The main objective of our research is to propose and evaluate different scheduling strategies for elastic applications under different workloads. We have proposed three different scheduling algorithms, and for every algorithm, we have proposed six candidate selection techniques to prioritize shrinkable jobs. We have evaluated the proposed algorithms using modified workload traces from real systems as well as synthetic workloads. The following are the main observations from our study: 1) With the increased workload, the difference in performance improvement between the proposed candidate selection techniques becomes insignificant. 2) The impact of elasticity not only depends on the number of elastic jobs but also depends on their distribution over time in the workload. The more uniform the distribution of elastic jobs over time is, the more constant the improvement will be with the increase in elasticity. 3) We have observed that even with 100% flexibility, 100% utilization can not be achieved. Adaptation and negotiation overhead limits the maximum achievable utilization. 4) In all cases, workload with elastic applications improves both system and application performance compared to the same workload with rigid workload only. 5) Even with a very small percentage of elasticity (as low as 10%), both system and application performance improved.
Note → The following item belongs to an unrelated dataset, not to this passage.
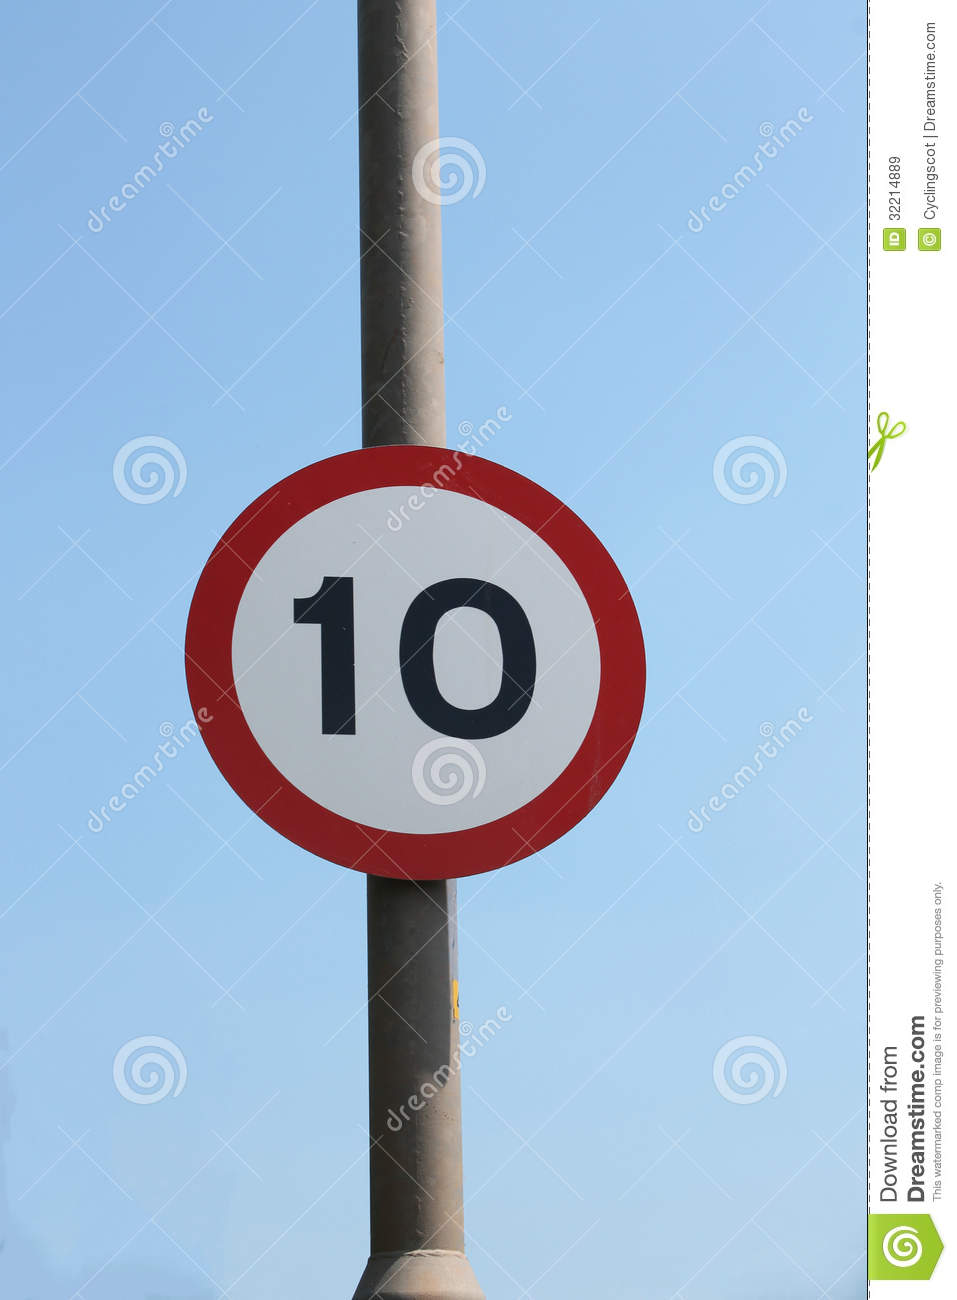 Uk 10 Mph Speed Limit Sign Royalty Free Stock Images   Image  32214889

One of the limitations of the study is that the HPC systems we derived the workload traces for our simulation no longer represent current large HPC systems such ORNL Summit, Fugaku, etc., or upcoming systems like ORNL Frontier. In addition, simulation parameters such as adaptation cost used for simulation were derived from educated estimates based on sample runs of an iterative structured grid application running on a medium-size cluster. Experiments with the real application at scale should be used to estimate the value of such parameters. These limitations are mostly due to time, effort, allocation and access to large HPC systems, and availability of real workload traces from systems like Summit. Our planned future work includes: 1) investigating candidate selection policies for job expansion, 2) the impact of the ratio of malleable and evolving jobs in the workload on performance (all our workload has 50% malleable 50% evolving). It is difficult to estimate the execution time of an application if the number of processors is changed in the middle of execution. There exists some model to estimate the total execution time of an application on different sets of processors [2, 22]. Further exploration/extension of such models for estimation of execution time on a different number of processors can be investigated.